— Тебе надо заснуть, — уговаривал Павел. — Разве можно прожить полвека, не испытав любви? Но больше я не скажу ни слова, а ты прими лекарство, которое прислал тебе Петр.
Лекарство сенатора подействовало сильно; больной заснул и проснулся уже тогда только, когда полный дневной свет освещал пещеру.
Павел все еще сидел возле него и, помолившись вместе с ним подал ему кувшин, который Ермий, прежде чем уйти в оазис, наполнил свежей водой.
— Мне хорошо, — сказал старик. — Лекарство помогло; спал спокойно и видел приятные сны, а ты бледен и истомлен.
— Я? — спросил Павел. — Я ведь всю ночь пролежал.
А теперь дай ненадолго выйти на воздух.
С этими словами он вышел из пещеры.
Как только Павел скрылся от глаз Стефана, то вздохнул всей грудью, потянулся и потер горячие глаза, потому что испытывал такое чувство, точно песок набрался у него под веками, которых он не опускал уже трое суток.
При этом его томила страшная жажда, так как за все это время губы его не прикасались ни к пище, ни к питью.
Руки его начали уже трястись, но слабость и томление, которые он ощущал, наполнили его тихой радостью, и он охотнее всего уединился бы в своей пещере, чтобы уже не впервые предаться мечтанию, будто он висит на кресте и истекает кровью из пяти ран Спасителя.

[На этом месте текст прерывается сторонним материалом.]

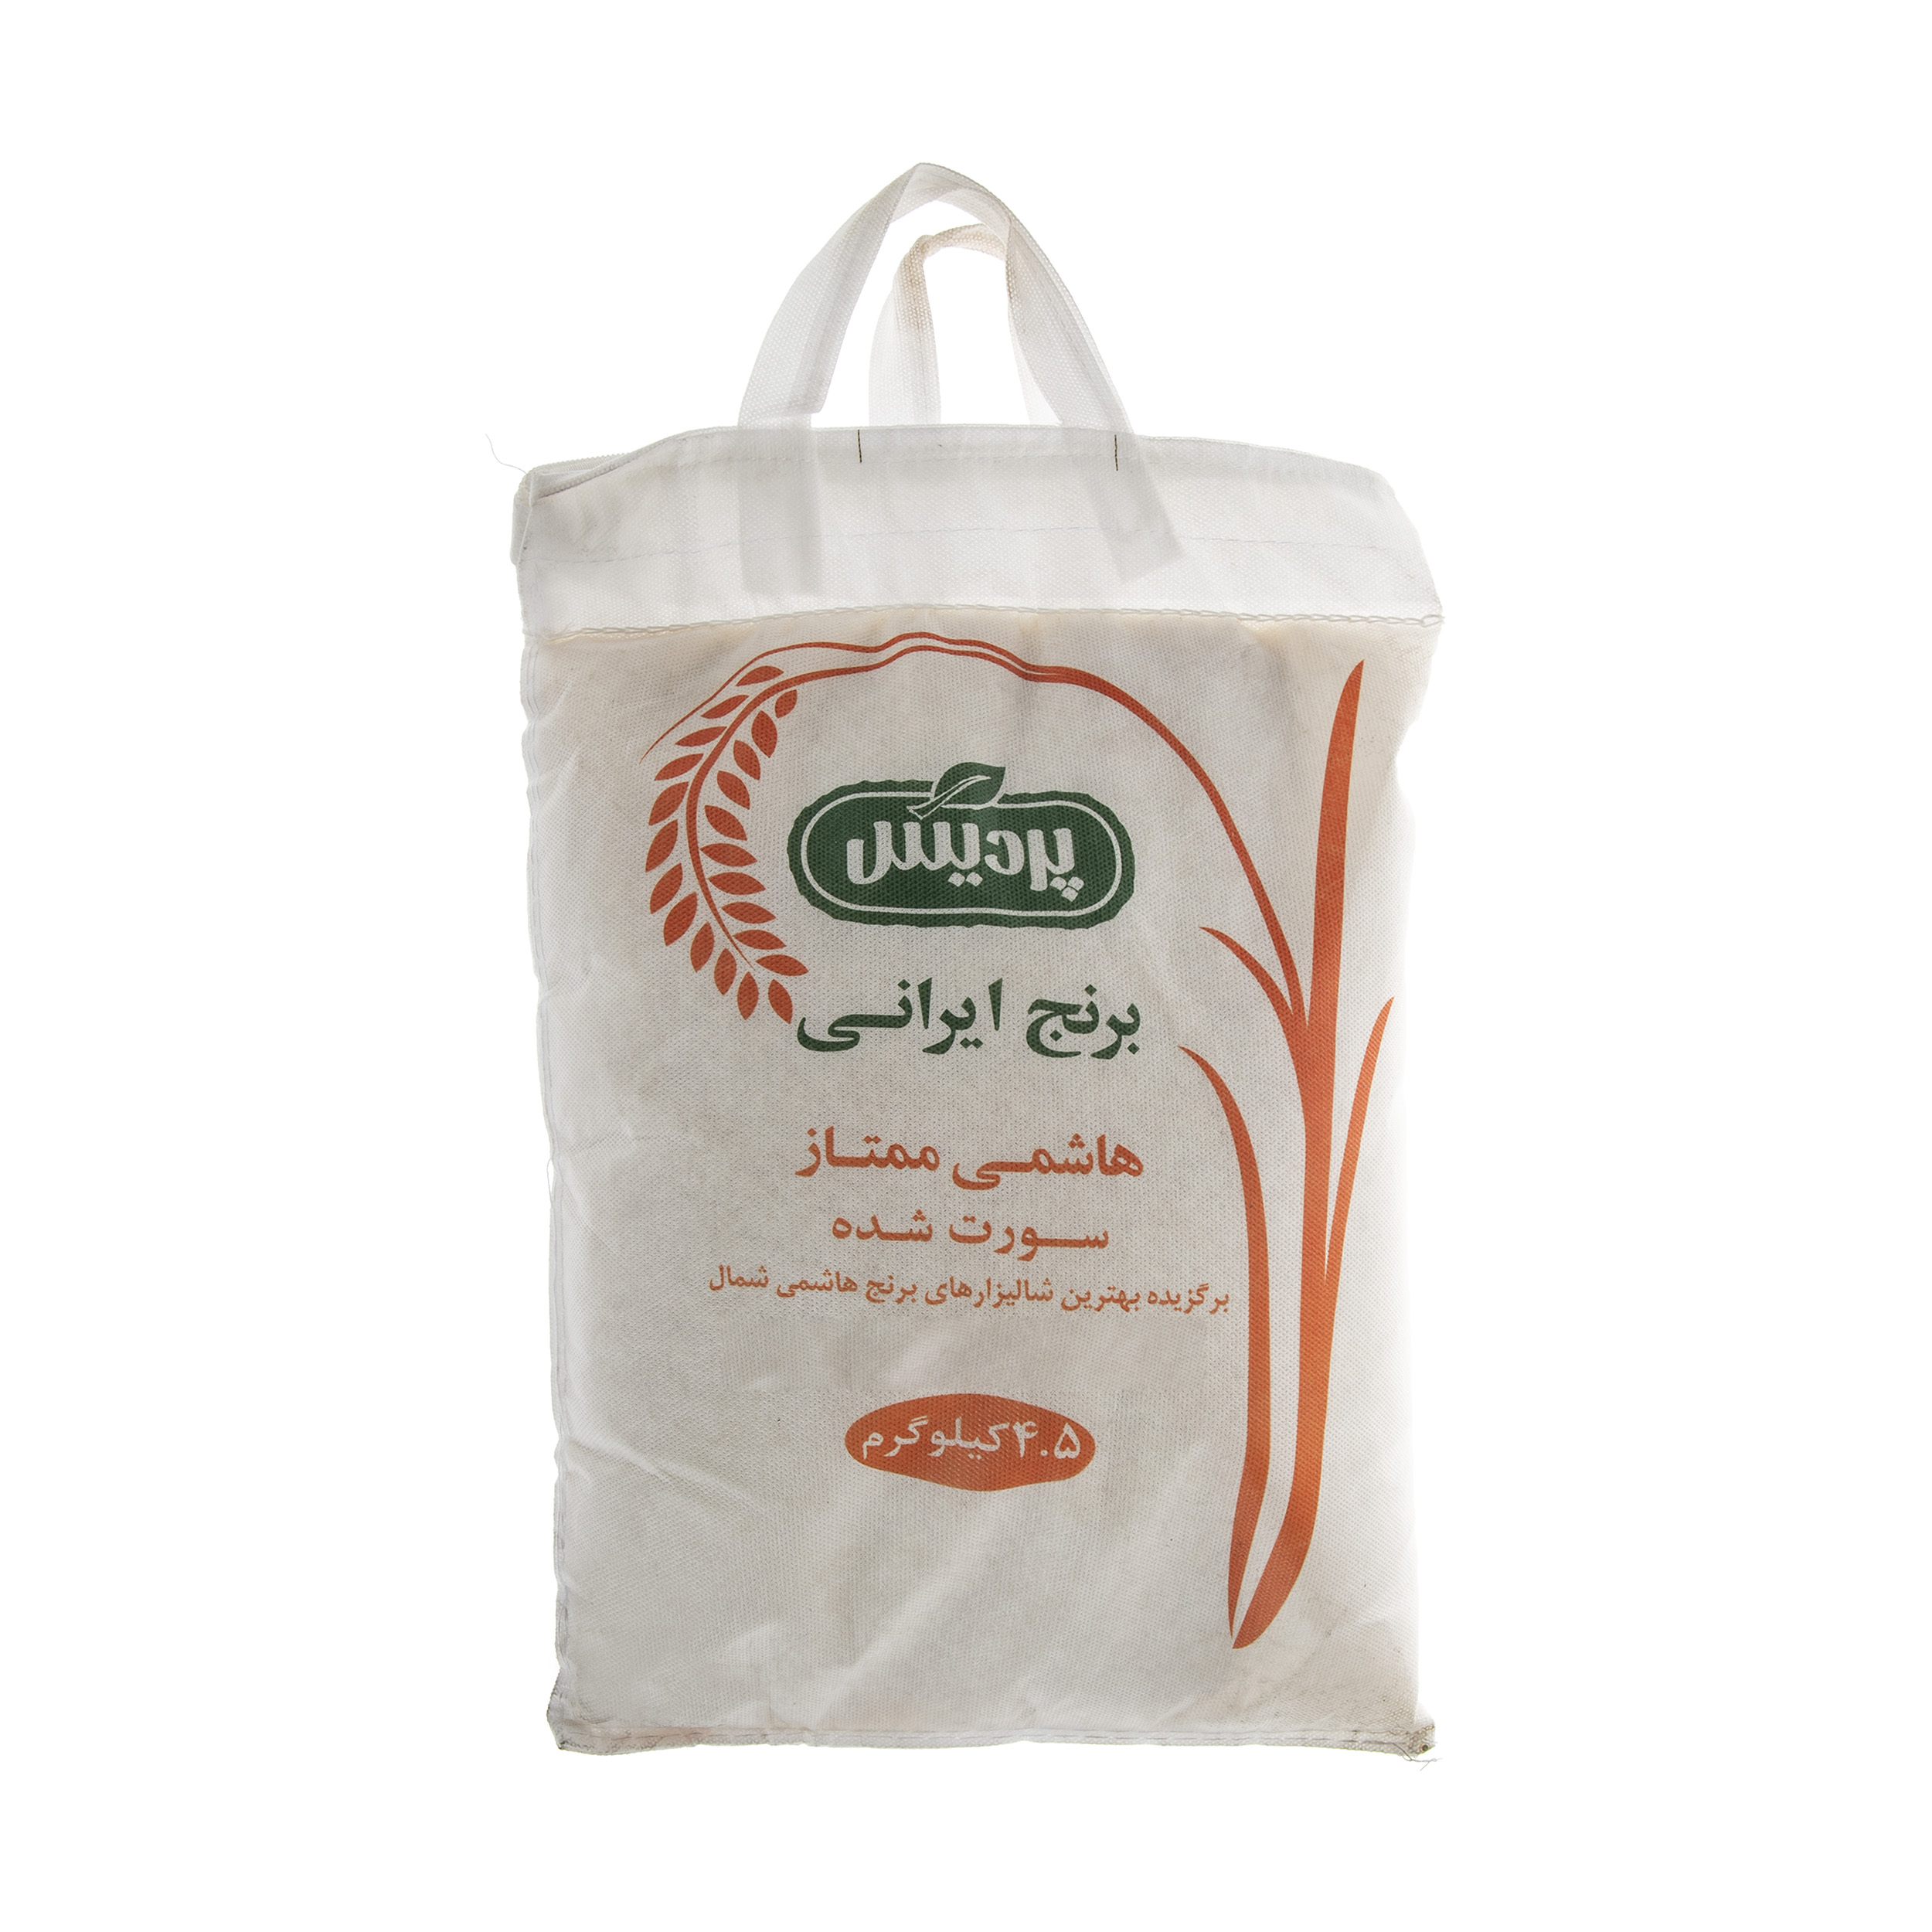 نکته خرید - قیمت روز برنج هاشمی ممتاز پردیس - 4.5 کیلوگرم خرید

Но Стефан позвал его и, не медля ни мгновения, Павел тотчас же вернулся к нему и начал отвечать на его расспросы.
При этом ему было легче говорить, чем слушать, потому что в ушах у него шумело и гудело, и звенело, и трещало, и он чувствовал себя точно опьяневшим от крепкого вина.
— Как бы только Ермий не забыл поблагодарить галла, — сказал Стефан.

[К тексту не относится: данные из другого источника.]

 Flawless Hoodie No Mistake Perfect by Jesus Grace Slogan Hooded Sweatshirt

— Поблагодарить, да, благодарить должны мы всегда, — согласился Павел и закрыл глаза.
— А я видел во сне Гликеру, — заговорил опять Стефан. — Ты сказал вчера, что и твое сердце знало любовь; но ты ведь не был женат. Ты молчишь? Да отвечай же!
— Я? Кто звал меня? — пробормотал Павел и уставился неподвижным взглядом на спрашивающего.
Стефан испугался и, заметя, что Павел дрожит всем телом, приподнялся и подал ему бутылку с вином, которую тот, уже не владея собою, почти страстно вырвал у него из рук и утолил свою палящую жажду.
Живительный напиток сразу подкрепил его упавшие силы, Щеки его загорелись, и глаза засверкали непривычным блеском.
Он вздохнул, прижал руки к груди и произнес:
— Вот когда стало хорошо!
Стефан совершенно успокоился и повторил свой вопрос; но он чуть не раскаялся в своем любопытстве, услышав, как друг отвечал точно совсем чужим голосом:
— Я никогда не был женат, нет, никогда, но любить я любил и расскажу тебе все, все от начала до конца, ты только не перебивай меня ни в каком случае! У меня так странно на душе. Может быть, это от вина. Я давно уже не пил вина: я постился, с того, как… с того… ну, да это все равно. Молчи, не говори ни слова и дай мне рассказывать.
Павел сидел на постели Ермия. Он откинулся назад, прислонился затылком к стене пещеры, в отверстие которой лился полный дневной свет, и начал, глядя неподвижно вдаль:
— Какова она была с виду? Никому этого не описать! Высокого роста и величественного вида, как Гера, но без малейшего выражения гордости, а благородное греческое лицо ее было не только прекрасно, но и мило и привлекательно.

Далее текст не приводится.